The large observatory building was a simple circular stone wall with a dome roof, whose wooden petals could be cranked apart to give the telescope access to the sky. There wasn’t another building like it in the region, which sooner or later was going to cause problems. Kysandra still hadn’t decided if they should dismantle the structures they’d built to contain and operate all the systems Nigel had removed from Skylady before his final flight. Or if she and the ANAdroids should simply move. A life spent constantly on the run didn’t really appeal. But now the medical module had finished enriching her body with biononics, she didn’t actually need it any more. The semiorganic synthesizers, though – they were a different matter. She didn’t want to abandon them. They could produce a great many useful Commonwealth items.

For six months they’d been busy extruding sophisticated components for Demitri’s telescope. With its array of flawless mirrors and electronic focal sensors, it could scour the empty skies like nothing else on Bienvenido. Demitri spent every night in the observatory, looking for . . . well, anything.

Bienvenido was slowly turning Port Chana towards dawn, a motion which had brought Aqueous above the horizon, a strong point of blue light, shining by itself in the absolute night. Seventeen million kilometres distant along the same orbit, their neighbouring water world was too far away to show as a crescent to the naked eye. Unlike Valatare, the gas giant that orbited their new star only ten million kilometres further out. Its pink disc dominated the sky when they were in conjunction, creating tides that plagued the coastal cities and producing a season of storms to lash the lands.

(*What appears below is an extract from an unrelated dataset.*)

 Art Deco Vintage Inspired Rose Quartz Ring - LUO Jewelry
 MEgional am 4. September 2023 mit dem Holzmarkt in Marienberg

The heavy throbbing noise of the V12 engines had faded into the west when she opened the observatory’s door and went inside. Demitri was sitting on a stool, wearing a thick sweater against the cool night air. The shelf bench beside him held a couple of processor modules that controlled the telescope, with an old-style hologram portal on top of one. The big multi-mirror telescope itself filled most of the observatory. Tonight it was angled to point into the south-west.

He looked round as she came in. ‘How did the trial go?’

‘Oh.’ She waved a hand airily, feigning a lack of interest. It was still odd not having an ex-sight, or teekay for that matter. Even now, five years on from the Great Transition, she frequently tried to perceive the emotional content of minds of everyone she encountered – not that she’d ever been able to read the ANAdroids back in the Void. ‘What we expected.’ The short-wave radio signal from the capital had drifted in and out annoyingly all night, but the result of the show trial was never going to be in doubt. ‘Bethaneve was found guilty of sedition. Apparently she was plotting against Democratic Unity with other anti-revolutionary forces.’